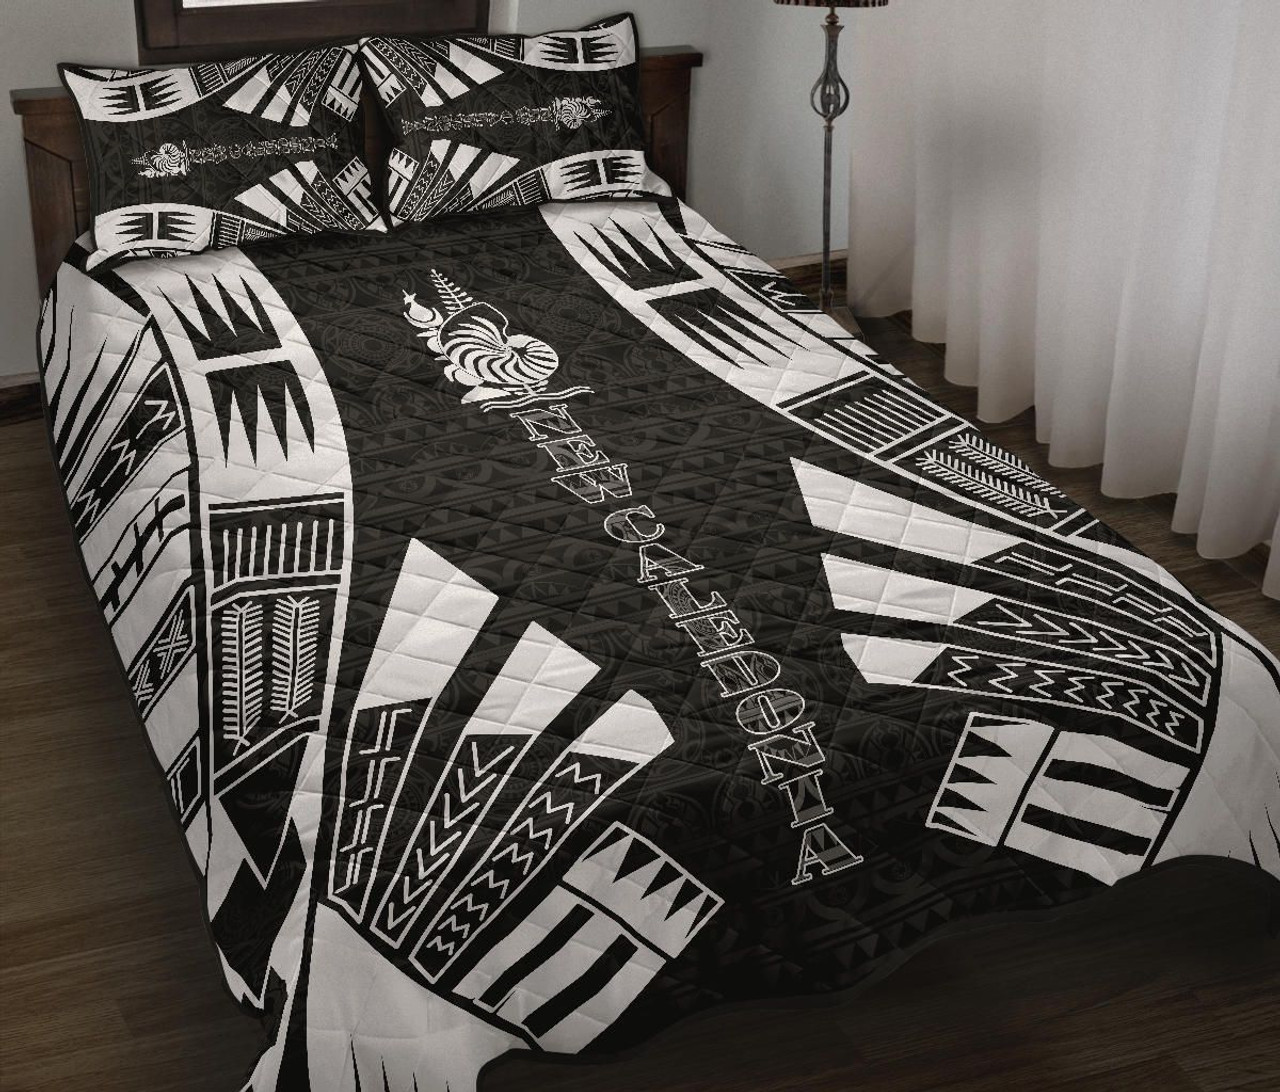 New Caledonia Quilt Bed Set - New Caledonia Coat Of Arms & Polynesian White Tattoo Style 2
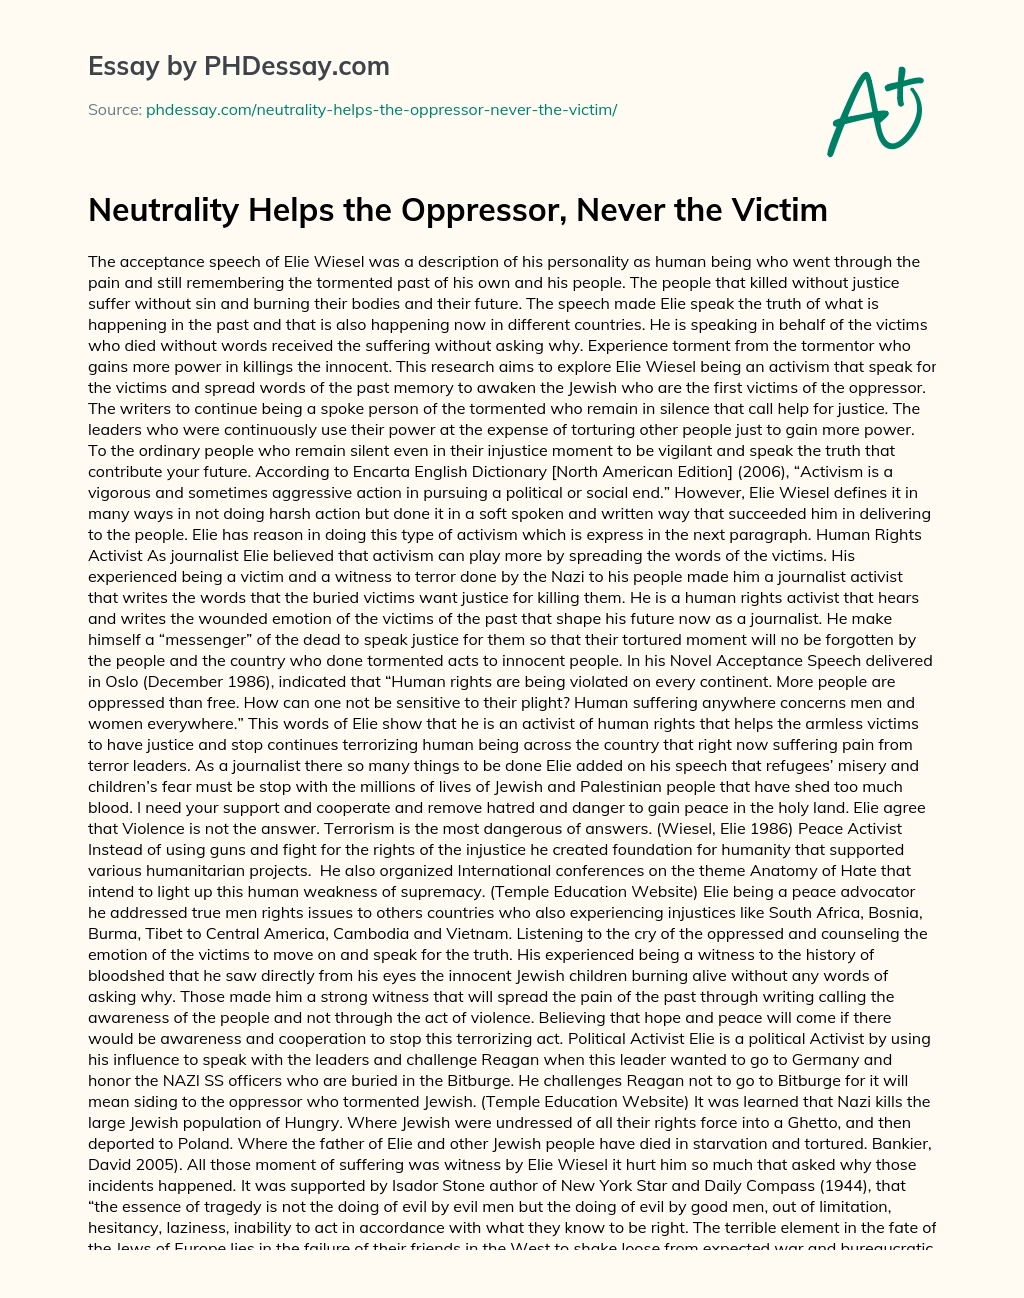 Neutrality Helps the Oppressor, Never the Victim essay
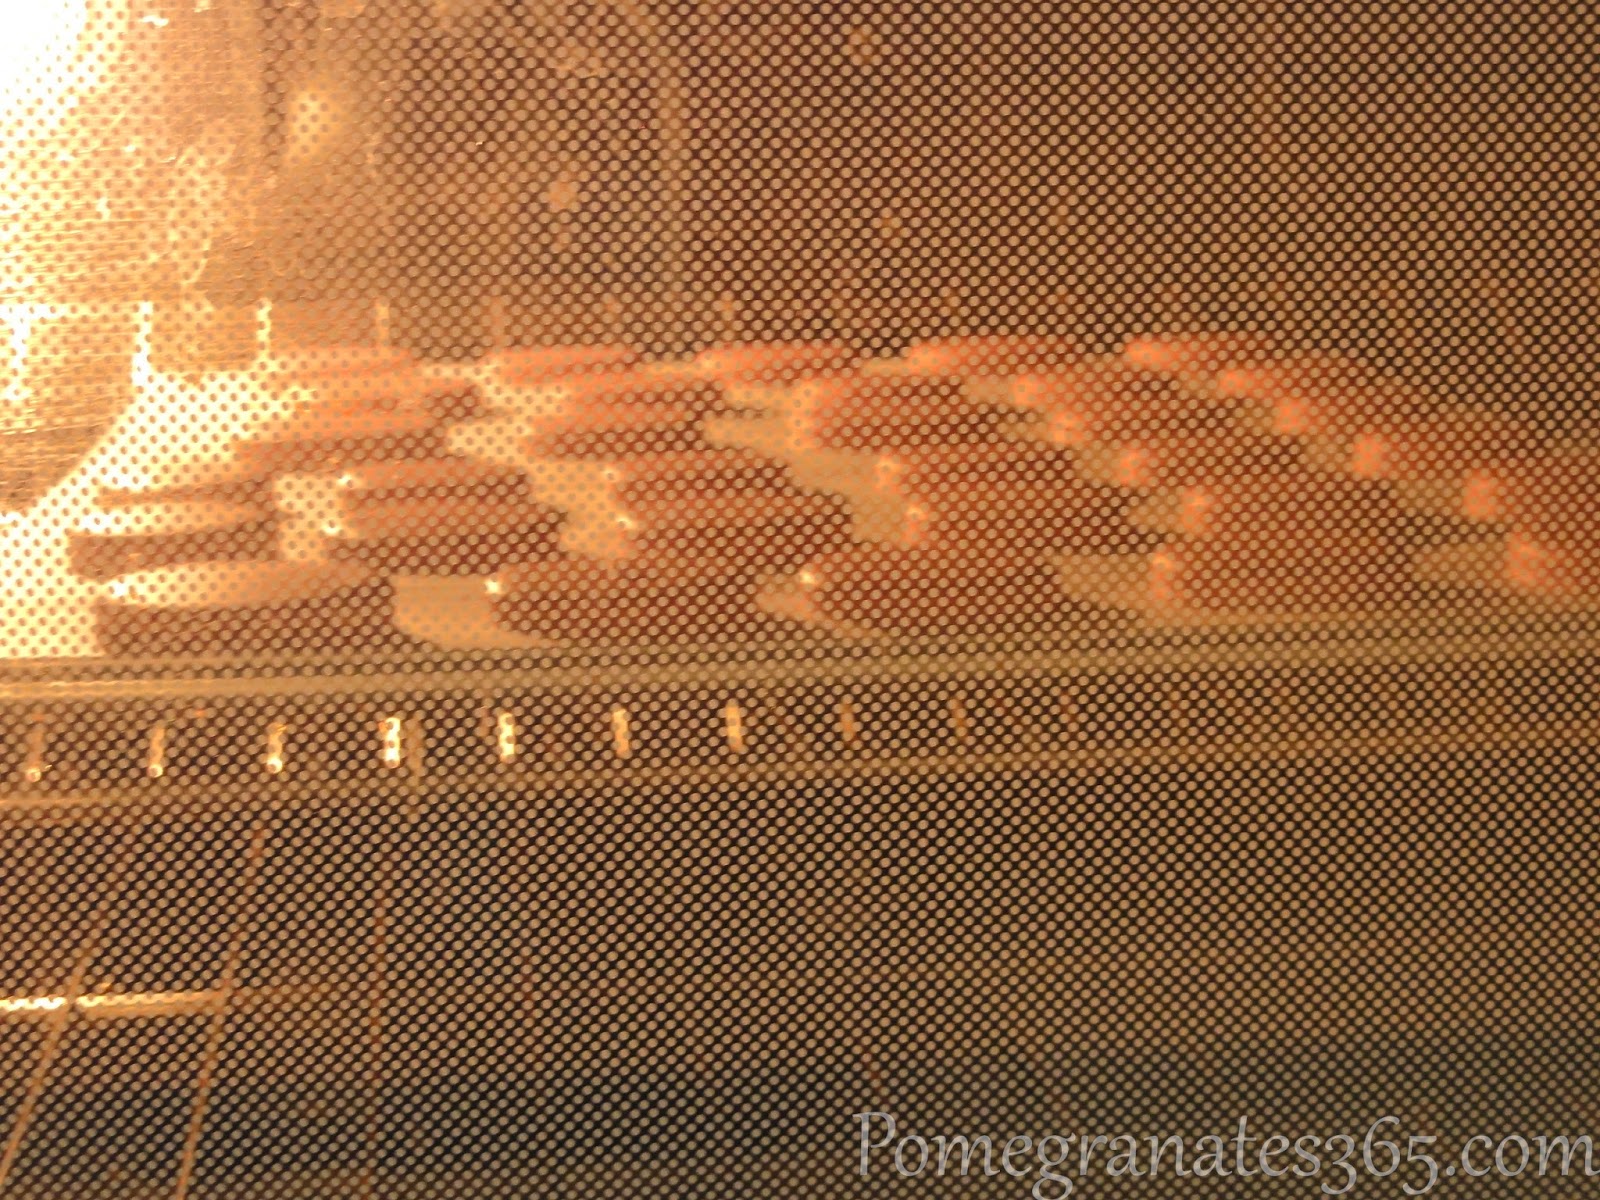 Macarons baking in the oven

************

Print the listing exactly, minus its pictures.

Answer space
 New Caledonia Quilt Bed Set - New Caledonia Coat Of Arms & Polynesian White Tattoo Style 2
 Neutrality Helps the Oppressor, Never the Victim essay
 Macarons baking in the oven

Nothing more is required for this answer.